Jannah Theme License is not validated, Go to the theme options page to validate the license, You need a single license for each domain name.
Purwakarta
Trending

6.945 RTLH Purwakarta Belum Beres, Ini Kata Om Zein

PURWAKARTA, RAKA – Persoalan rumah tidak layak huni (RTLH) masih menjadi pekerjaan rumah Pemerintah Kabupaten Purwakarta, Jawa Barat. Hingga 2026, sebanyak 6.945 unit rumah masih belum tersentuh program perbaikan.

Bupati Purwakarta Saepul Bahri Binzein atau Om Zein mengatakan, jumlah RTLH di Kabupaten Purwakarta saat dirinya mulai menjabat mencapai 10.650 unit.

Pemerintah daerah kemudian melakukan penanganan secara bertahap melalui berbagai program dan sumber pendanaan.

“Ketika saya dilantik, rumah tidak layak huni di Kabupaten Purwakarta jumlahnya ada 10.650 unit. Ini angka yang sangat banyak,” ujar Om Zein dalam keterangannya, Rabu (19/8/2026).

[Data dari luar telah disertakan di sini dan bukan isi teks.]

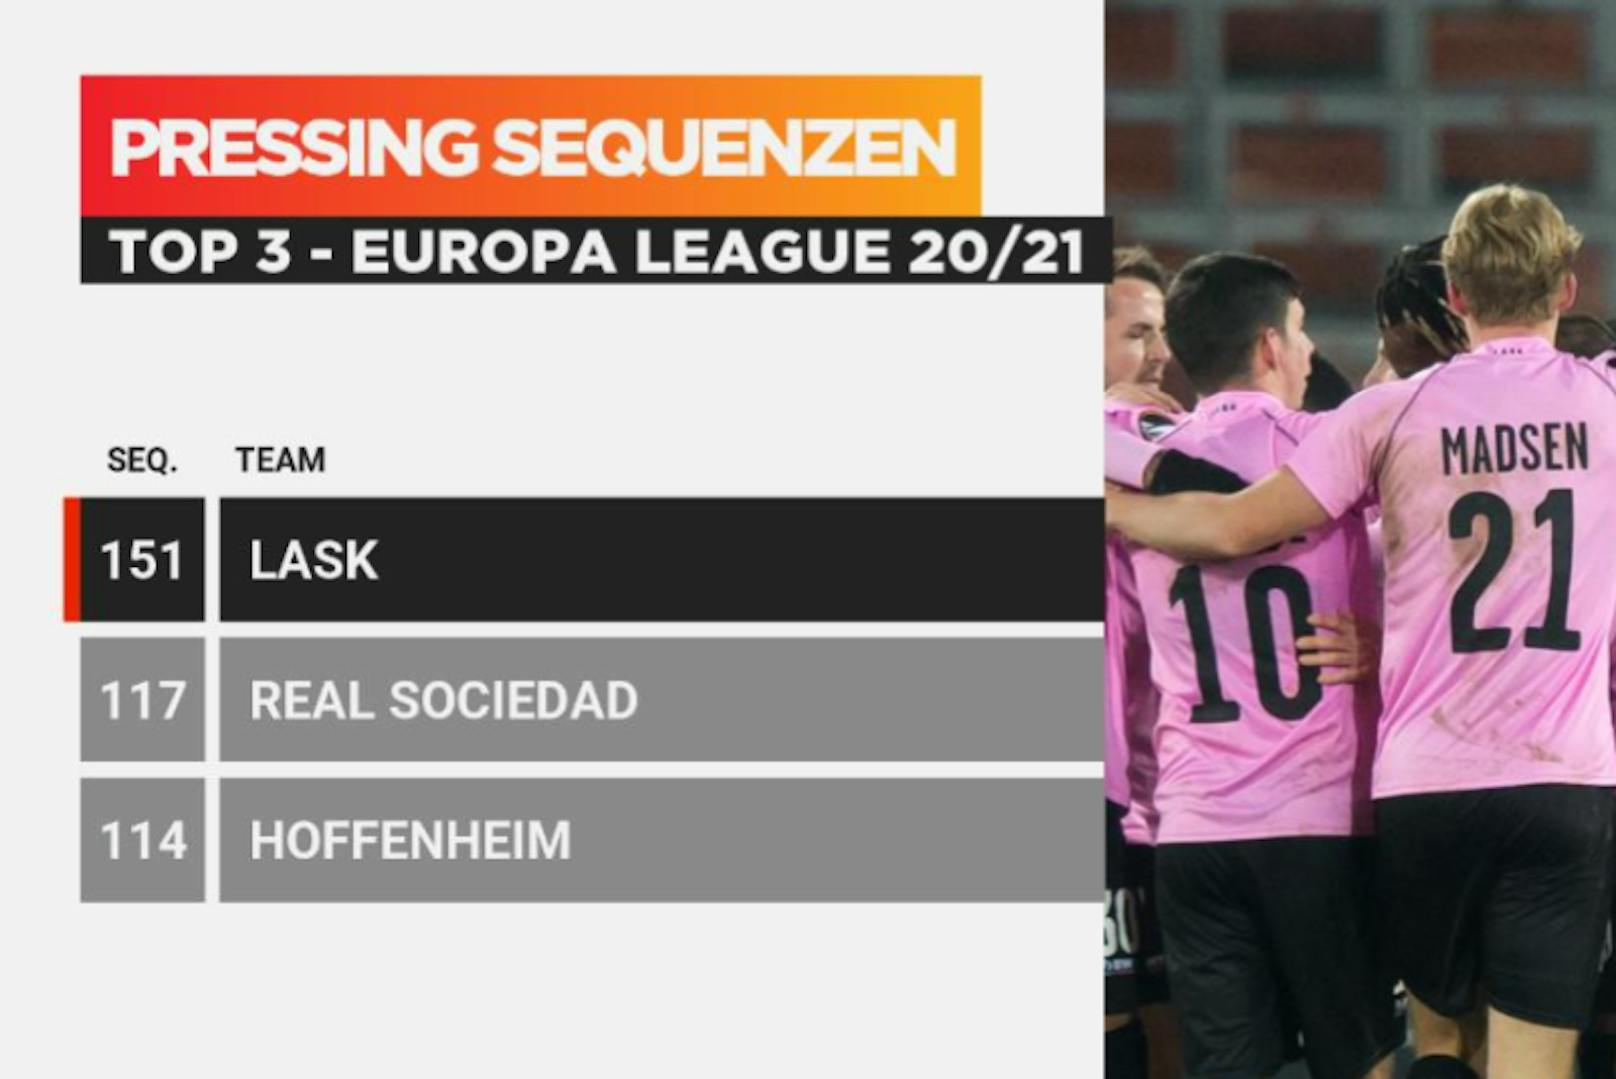 Kein anderes Team in der Europa League hatte mehr Pressing-Sequenzen als der LASK.

Sepanjang 2025, sebanyak 1.576 unit rumah telah diperbaiki. Program tersebut menggunakan sejumlah sumber pembiayaan, mulai dari Anggaran Pendapatan dan Belanja Daerah (APBD), Bantuan Stimulan Perumahan Swadaya (BSPS), hingga bantuan dari pihak lainnya.

Pada 2026, Pemkab Purwakarta menargetkan perbaikan tambahan terhadap 2.129 unit RTLH.

“Yang sedang dan akan dilaksanakan tahun 2026 sekitar 2.129 unit. Sumbernya dari APBD, BSPS, bantuan pihak lain, bahkan dari APBD Provinsi juga,” kata Om Zein.

Jika target tersebut terealisasi, total rumah yang telah dan sedang ditangani sejak 2025 mencapai sekitar 3.705 unit.

Dengan jumlah awal 10.650 unit, masih terdapat 6.945 rumah yang belum mendapatkan penanganan.

“Masih ada 6.945 lagi. Ini jumlah yang sangat banyak, tetapi saya yakin bisa diselesaikan,” ujarnya.

Om Zein meminta masyarakat yang memiliki rumah dalam kondisi tidak layak huni untuk segera mengajukan bantuan.

Pengajuan dapat dilakukan melalui aplikasi Sapa Warga Imah Aing. Warga diminta melengkapi sejumlah data berupa KTP, foto kondisi rumah, serta titik koordinat lokasi rumah.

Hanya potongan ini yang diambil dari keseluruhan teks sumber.